# Histogram

A histogram is a way to visually represent, quantitative data. It is useful in describing data that has considerable variability. The reason for this is that it takes the range of the dataset, dividing it into even groups, called bins, and then counting the number of numbers that fall in each one of those bins, and then displaying that amount with bars. To look at how to create a histogram, take the following dataset. For this example, we are going to use a bin width of 5. With our minimum value being 1 our bins would be 1 – 6, 6.1 – 11, 11.1 – 16, 16.1 – 21, 21.1 – 26, 26.1 – 31, and 31.1 – 36.

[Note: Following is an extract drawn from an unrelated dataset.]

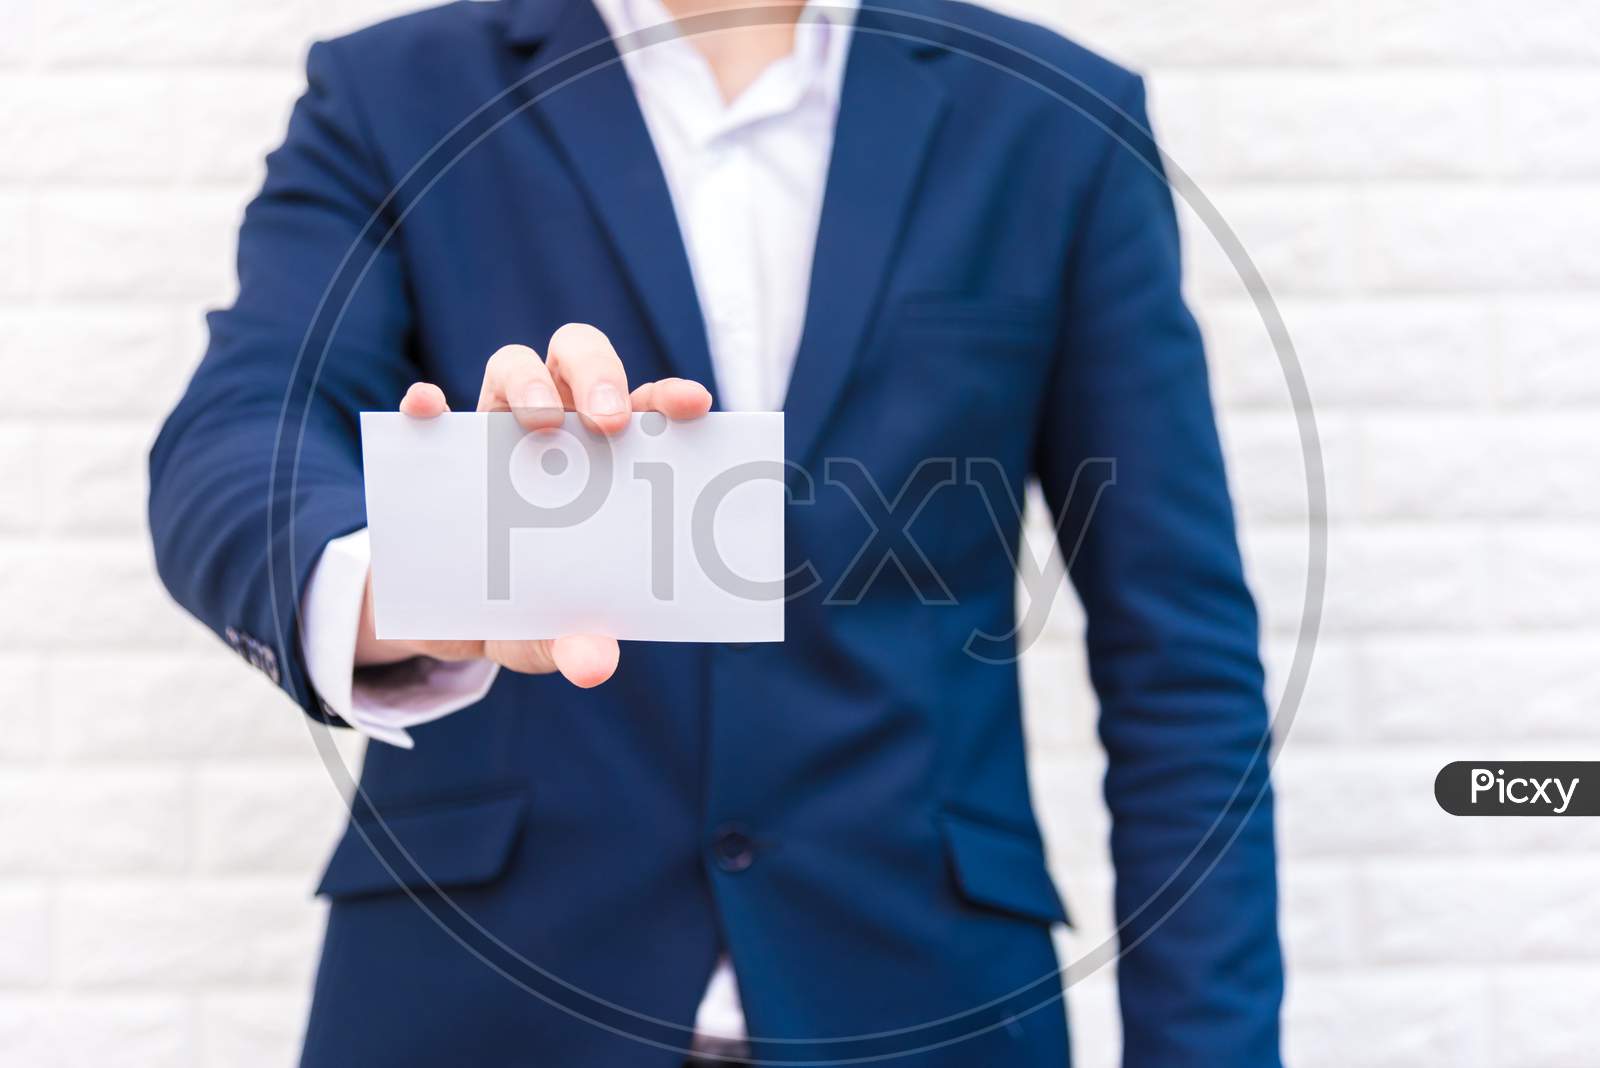 Business Man Showing White Paper. Man  Wearing Blue Suit And Holding White Blank Card. Lifestyle And Working Concept. Business And Object Theme. Blank Space In Paper For Insert Text.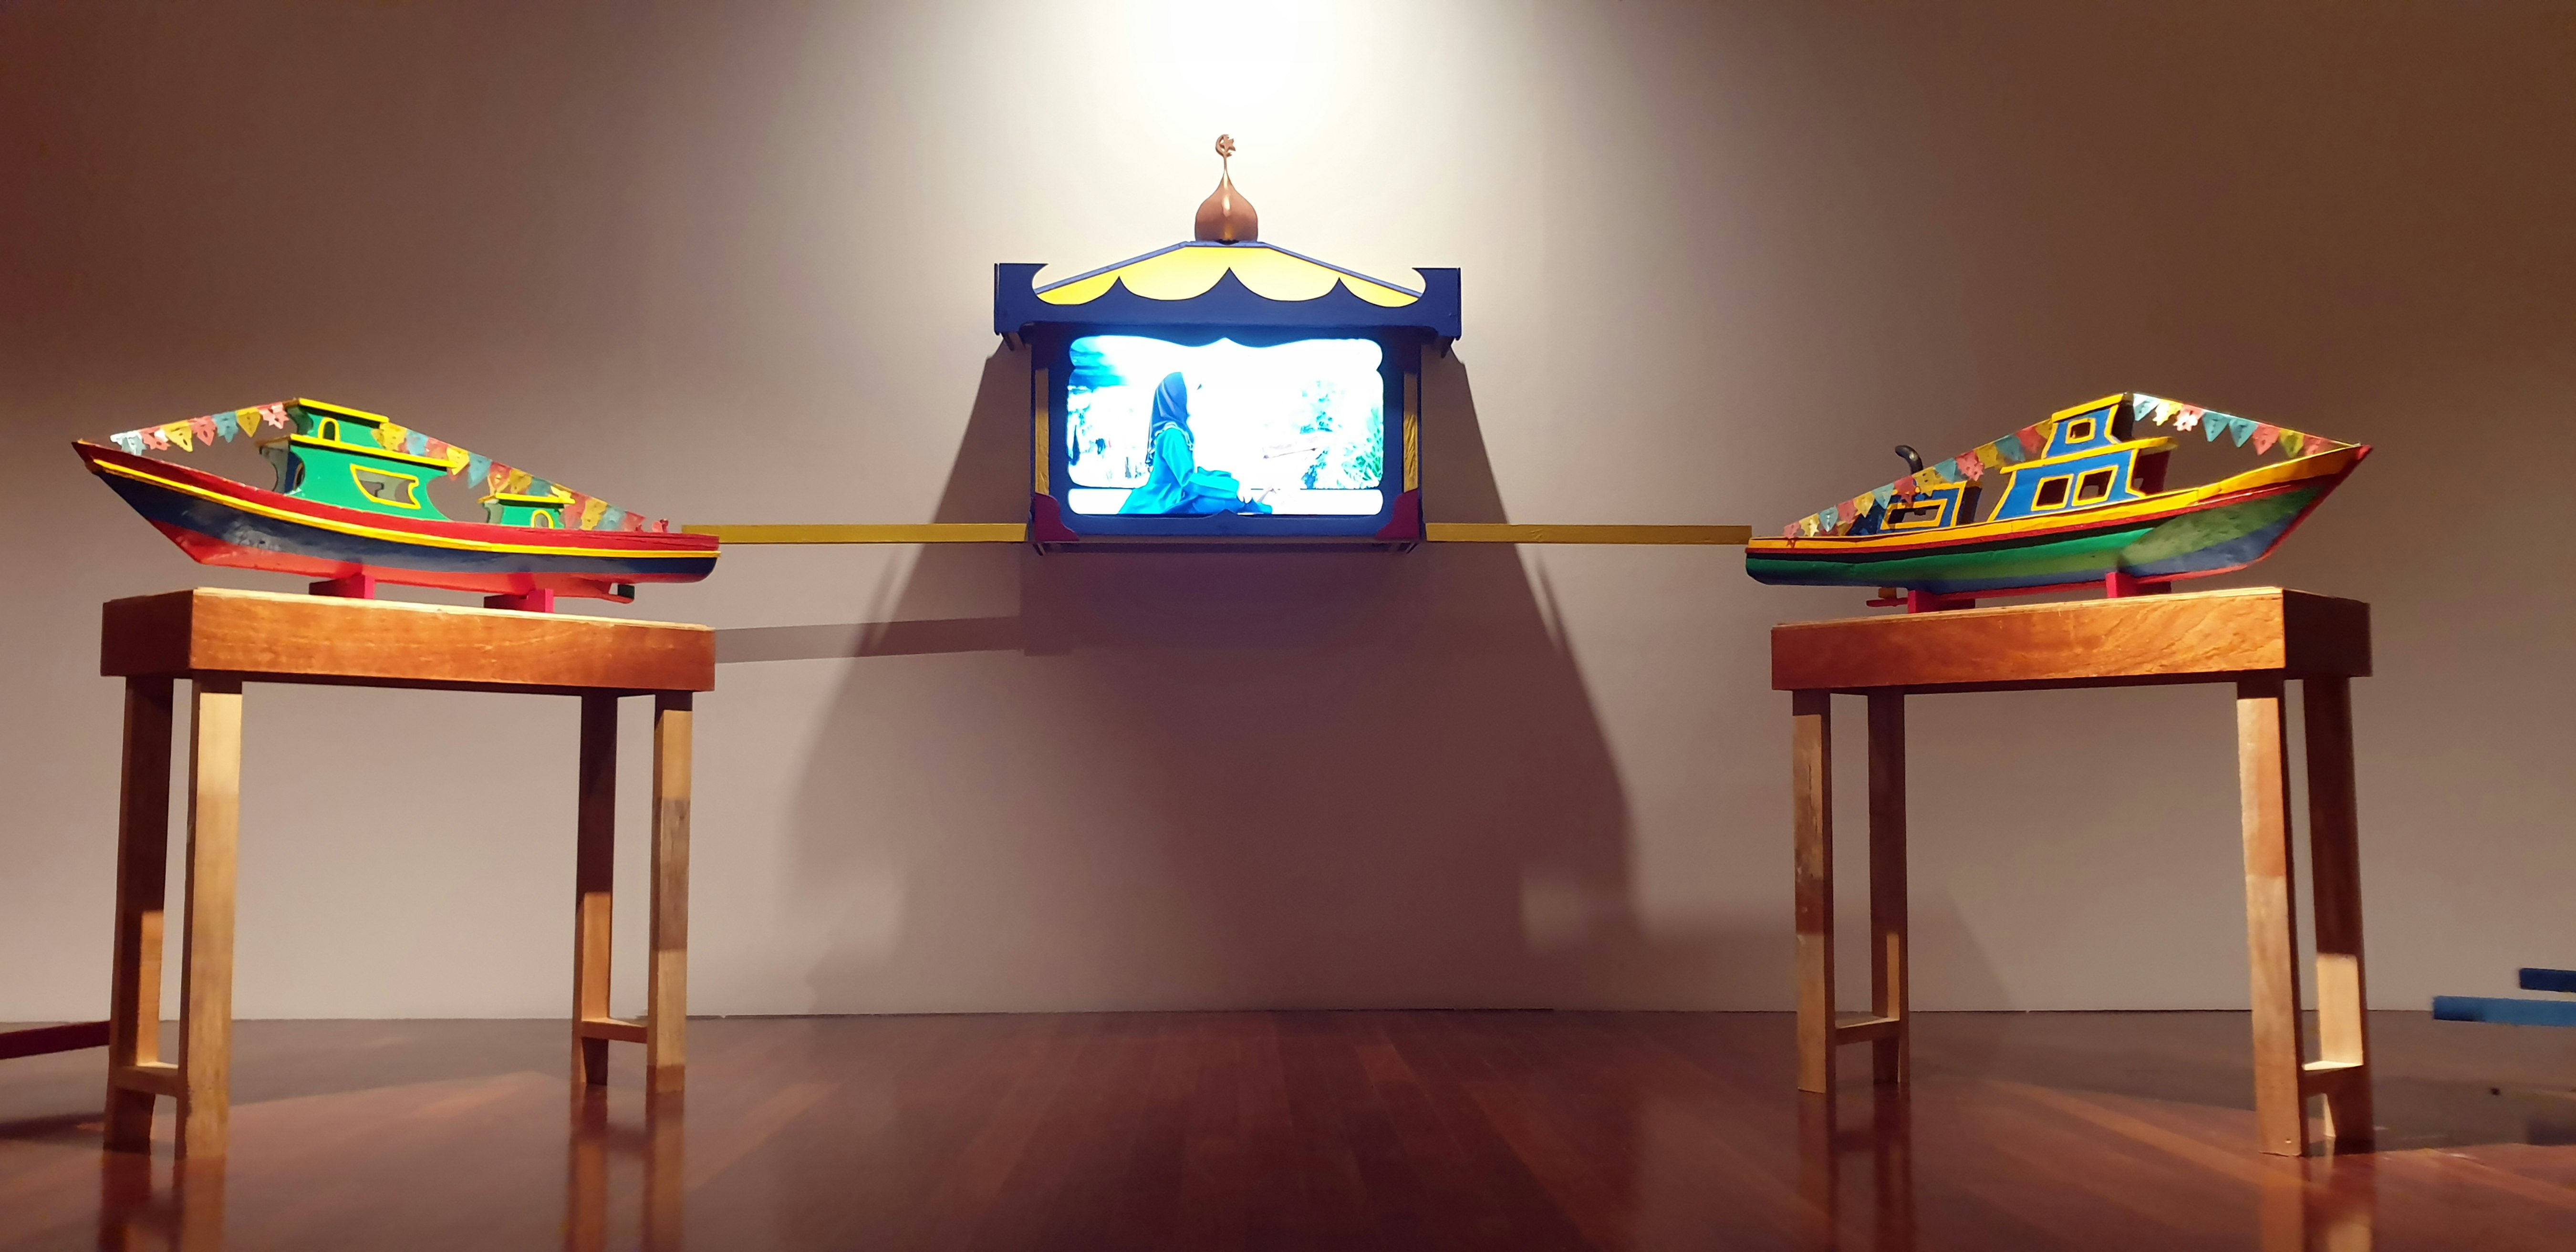 Video artwork nestled between two sculptures resembling usungans placed on wooden tables.

Now that we have the width of all the bins, we can go through the dataset and count the number of values fall in each of those bins. The first term in the dataset is an 18, which falls in the 16.1 – 21 bin. The second number is 16 which falls in the 11.1 – 16 bin. The third number is 11, which falls in the 6.1 – 11 bin. Continuing on with this same process, until all the data has been counted, gives us the following table.

Bin Width Number of Values in each Bin
1 – 6 9
6.1 – 11 14
11.1 – 16 8
16.1 – 21 5
21.1 – 26 3
26.1 – 31 0
31.1 – 36 1

The above table creates the below histogram. Determining the bin width is the most critical aspect of creating a histogram. If the bin width is too small, you get quite a bit of information about the data, but because of the inherent variability in quantitative data, the graph can display quite a bit of noise, which can obscure what the data is trying to say. For example, the next histogram is showing the same data, but it has a bin width of 1. The above graph with a bin width of one shows how much variability there is with this dataset. There is so much variability in fact that there is little else we can tell about this data besides its high variability.

On the other hand, if the bin width is too large, such as in the next histogram which has a bin width of 10, then lose a lot of details, which also makes it difficult to draw conclusions from the graph.